# Can't cope with my dog PLEASE HELP



## 123obbuddy (Mar 7, 2017)

my pup is 6 months old and it's like he's gone backwards. We'd cracked house training and he only ever had a wee accident if he was left for a very long time (9/10 hours through the night) he would lay in his bed in the kitchen with no problem and I would occasionally let him in the living room then back to the kitchen and he had no problems with this now all of a sudden he will not settle and cry and howls and scratches the door no matter what and will even pee behind the door and this will be only after 10 minutes 
I need him to be in a separate room for a break bcos my daughter will be playing in the living room and they both get too excited and I like him to get a break aswell 
At night he's started playing up aswell same thing, he just doesn't want to be left alone I don't know how to stop this 
He gets plenty of attention but it never seems to make a difference 
I'm at end of my tether with him I have a 2 year old daughter and a baby on the way and can't be doin with the stress


----------



## Mirandashell (Jan 10, 2017)

Has anything changed in the household recently? Something that may have upset him?


----------



## 123obbuddy (Mar 7, 2017)

No since we've had him everything's been the same, I'm pregnant at the minute and he may just be sensing that now and not have done before?


----------



## Mirandashell (Jan 10, 2017)

It's not likely at his age. See what else people say. There are some real experts on here so they may know if it's just a phase dogs go through at that age.


----------



## 123obbuddy (Mar 7, 2017)

Ok thank you 
I'm trying to preserve with him but it's so hard he was settling in so nice as part of the family and had a great routine but it's just all changed


----------



## Mirandashell (Jan 10, 2017)

Dogs do have a teenage stage so it may that he's entered that. And don't worry, it doesn't last for ever!
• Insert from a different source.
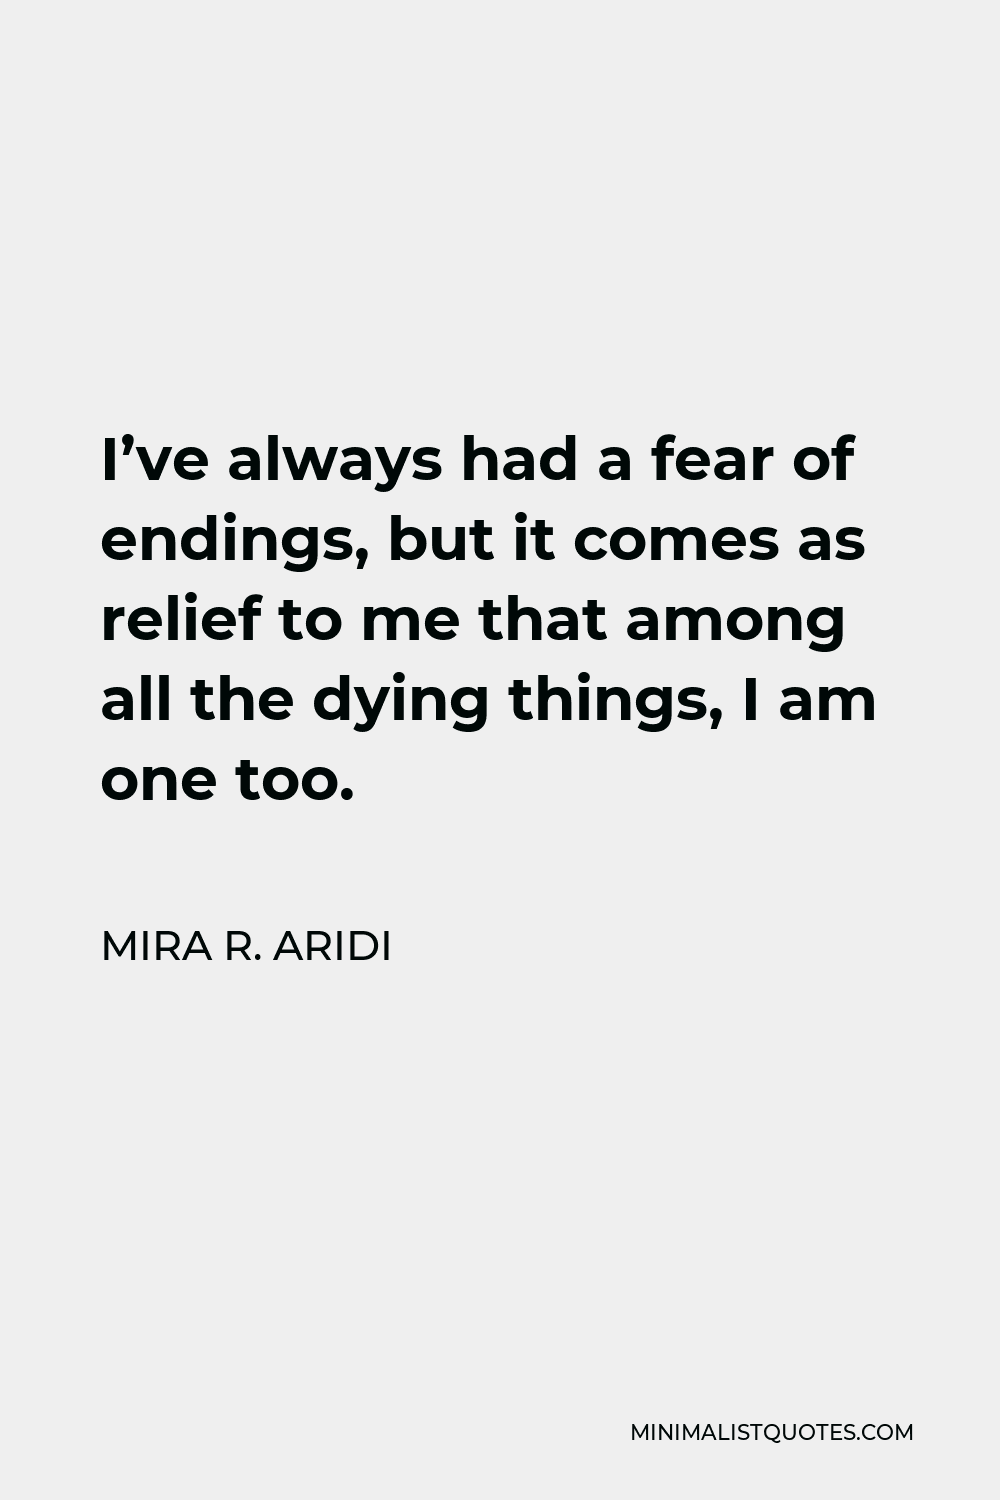 Mira R. Aridi Quote - I’ve always had a fear of endings, but it comes as relief to me that among all the dying things, I am one too.

This looks like a useful link:

http://www.fidosavvy.com/adolescent-puppy-behavior.html


----------



## Lurcherlad (Jan 5, 2013)

Rather than shut him behind a door, use a baby gate as some dogs don't like to be enclosed. My lurcher doesn't.

How long is he being separated from the family (apart from bed time)? Could you put his lead on and get him to settle down on a blanket next to your chair so he can't pester your daughter while she is playing but isn't isolated? Give him a filled Kong to keep him occupied.

How much exercise and training does he get?

At his age he is likely to be a bit of a handful as they often take a few steps back in their progress. 

I assume he hasn't been told off or scolded when he misbehaves or weed inside as that can create anxiety?

Go right back to basics and look at the Sticky on Separation Anxiety for some tips and build him up to some calm alone time behind a gate.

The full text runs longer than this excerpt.